When a plane crashes high in the mountains of North Carolina, Dr. Temperence Brennan is first on the scene. As a forensic anthropologist for the state, she serves on the disaster response team. The task that cofronts her is a sad and sickening one. 

A chance discovery concerns Tempe: a severed foor, away from the main crash site. A deserted house is buried so deep in the woods that locals know nothing of its existence. And her investigation throws up more questions than answers.

Before she can make any progress Tempe's profesiional standing is threatened. But she fears that, air tragedy aside, another corpse lies in the woods. Pitting herself against a conspiracy of silence, Tempe vows to bring justice for her mystery victim. 

I picked this book up as soon as I finished reading Deadly Decisions (Temperance Brennan #3).

This time Tempe is on the team that arrives first at the site of an airplane crash. The job at hand this time is really difficult. When Tempe finds a piece of evidence that shouldn’t have been at the scene and a small house that the locals were not aware of, she yet again takes it upon herself to solve the case. Only this time things are complicated as her character and ethics are being questioned. Now, she has only Andrew Ryan to depend on as she rushes to not only solve the case but also to clear her name.

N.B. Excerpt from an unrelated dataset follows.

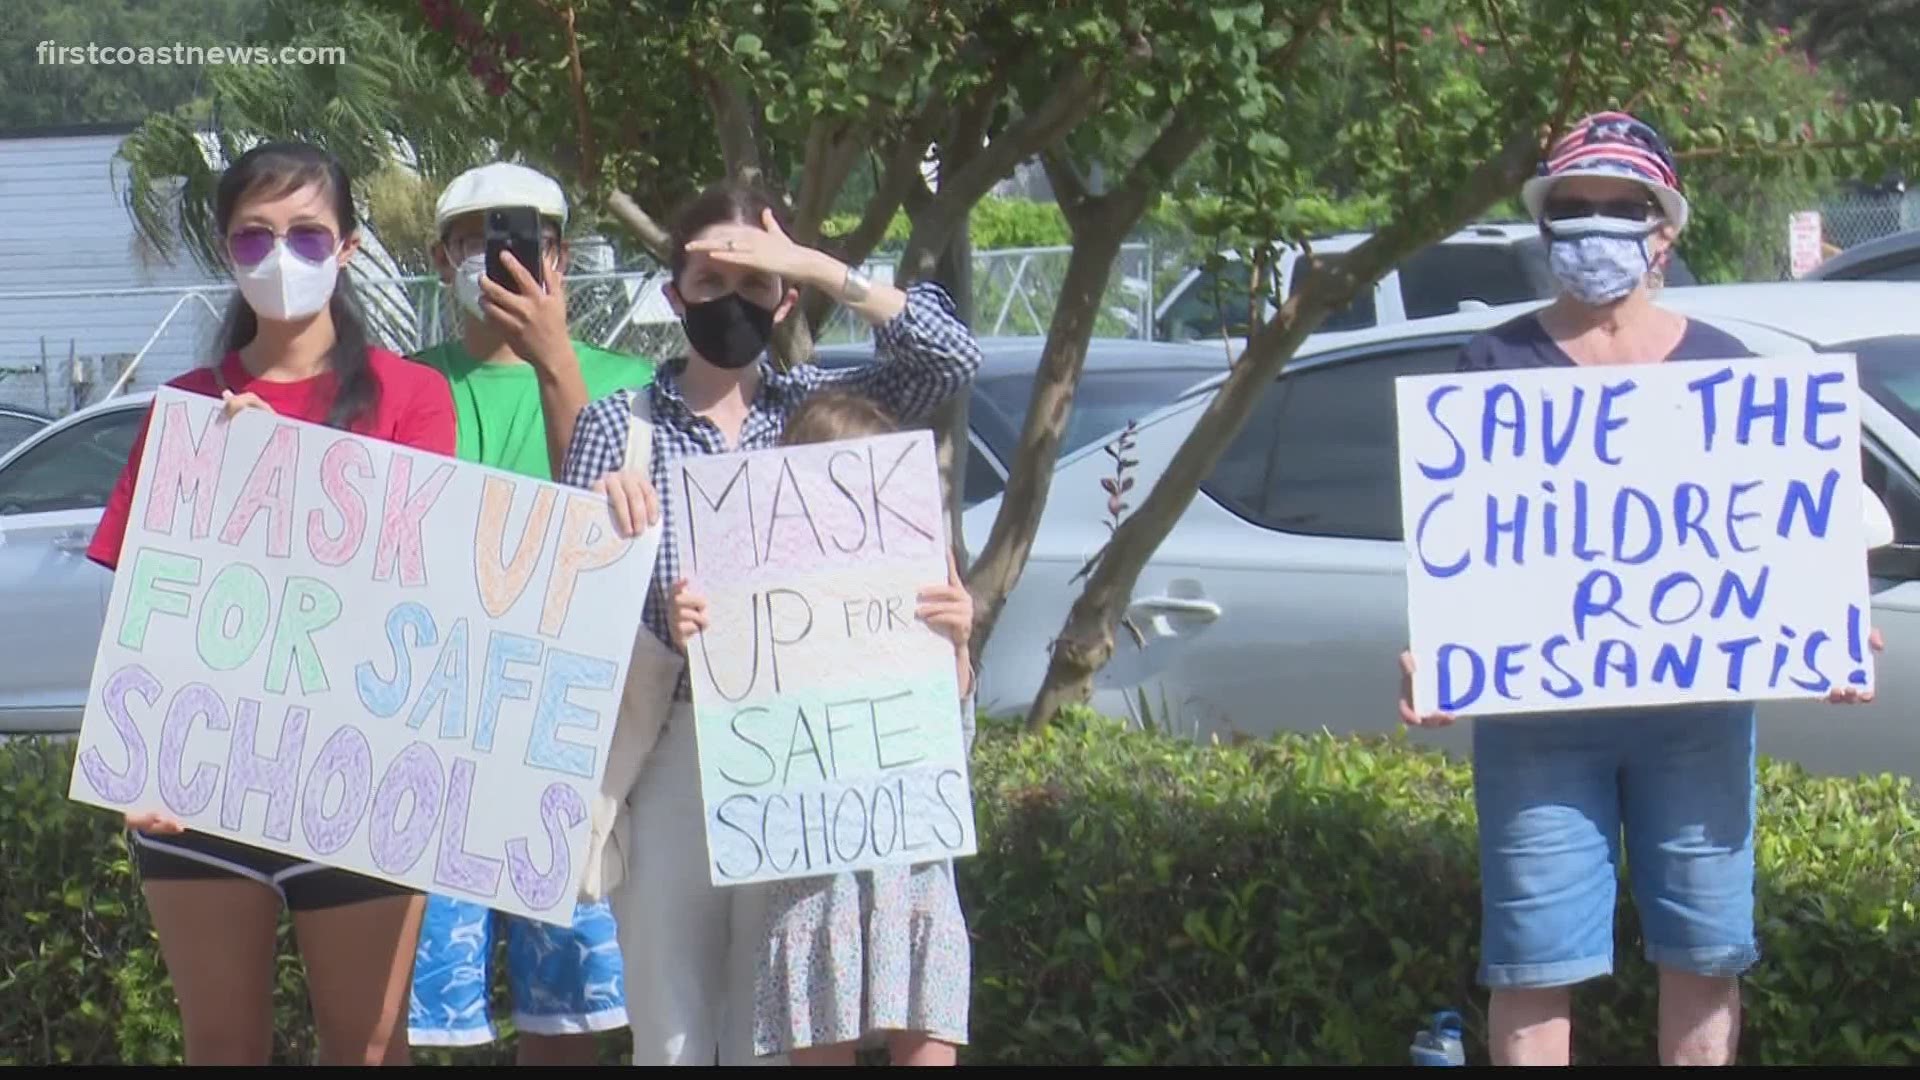 The community members held a rally Sunday evening and were met with counter-protestors.

I have to admit that the description of the crash site gave me goose bumps. The author has really described the scene with great detail so as to make it easy for us readers to form a mental image. That, together with the author’s note at the end of the book regarding her experience of working at the 9/11 World Trade Centre site of the terrorist attack, made this book a bit too real to me. No matter the rest of the novel, this is something that had me staring at the pages for quite some time. It is easy to read a piece of fiction. But I cannot, even now, even begin to imagine how people manage to actually face such situations.

Rest of the novel is in true Kathy Reichs style – predictable with too many coincidences. I Am finally growing to like Tempe as a book character more than Tempe of ‘Bones’ the TV series. Also, now that I finally know (I think I am the last one to realise this) how much of her personal life experiences Kathy Reichs puts into her books, I think I appreciate her a bit more.